§ Input data
■ ■ ■ ■ ■ ■ ■
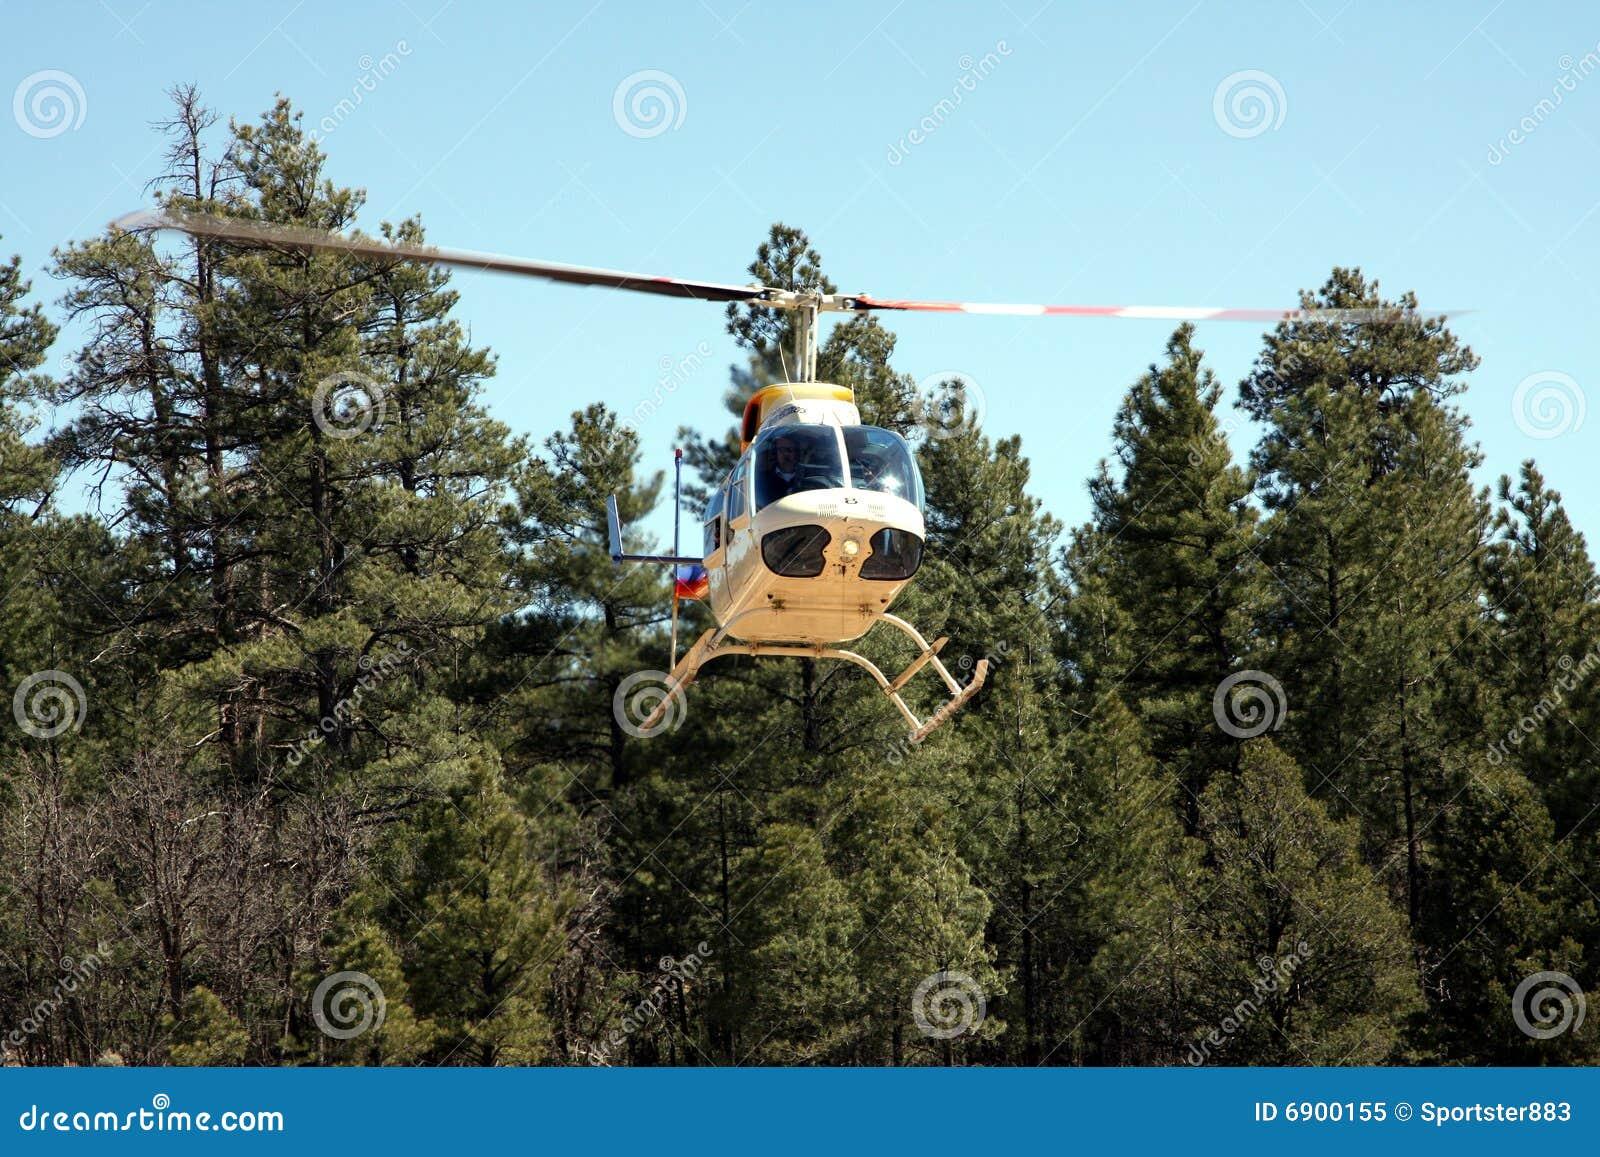 Helikopter in bos
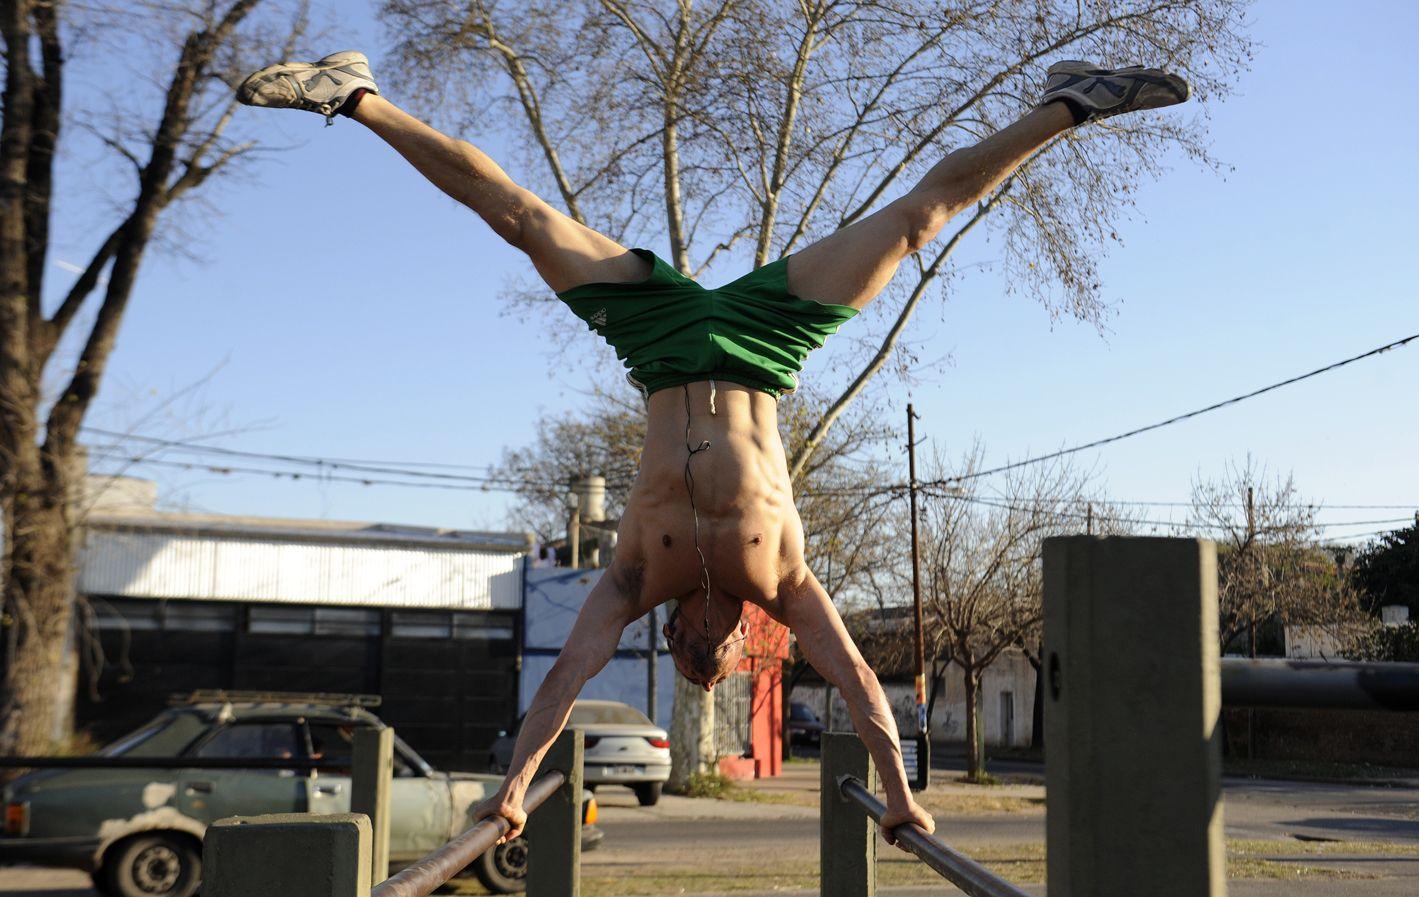 Abiertos. El proyecto pretende transformar algunos espacios públicos en gimnasios urbanos para los vecinos.
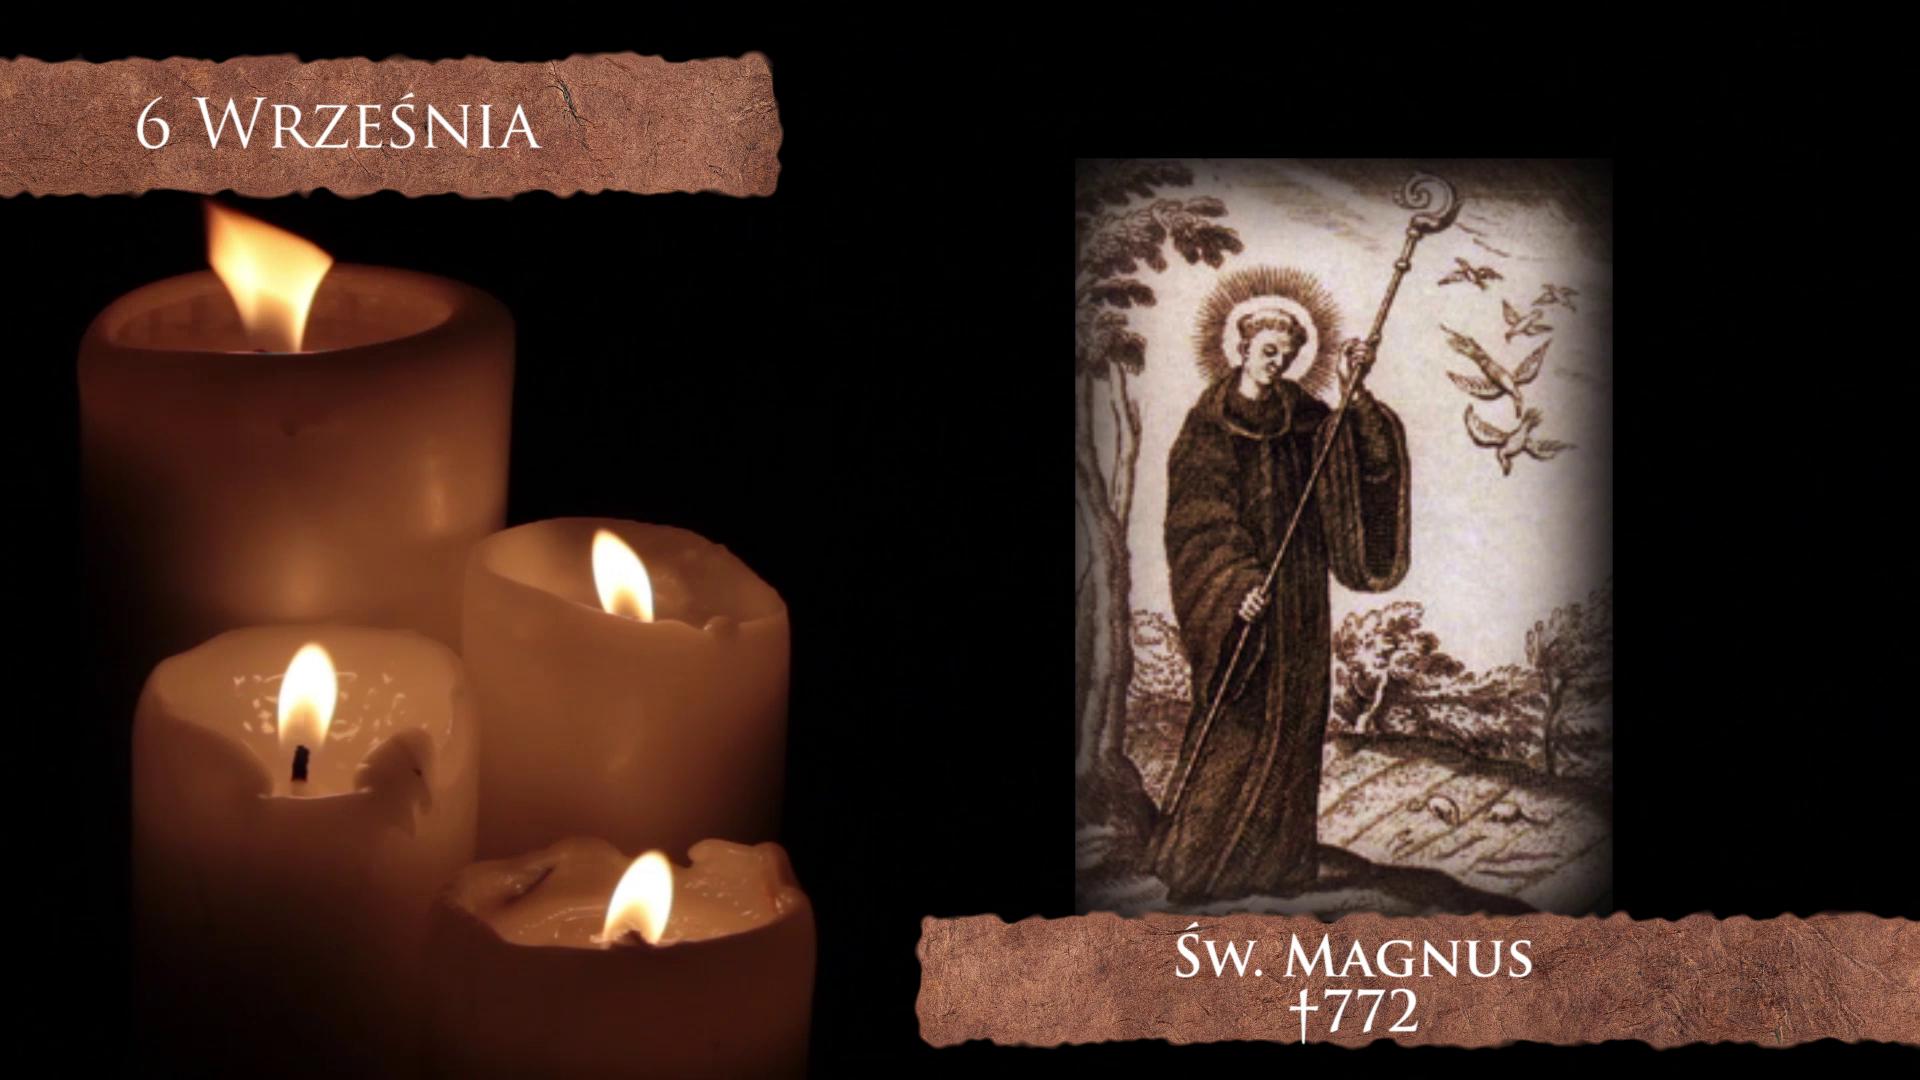 Św. Magnus - apostoł Szwajcarii i Niemiec
■ ■ ■ ■ ■ ■ ■
§ Activity
Every line of the listing should be copied precisely, with images omitted.

§ Task response
 Helikopter in bos
 Abiertos. El proyecto pretende transformar algunos espacios públicos en gimnasios urbanos para los vecinos.
 Św. Magnus - apostoł Szwajcarii i Niemiec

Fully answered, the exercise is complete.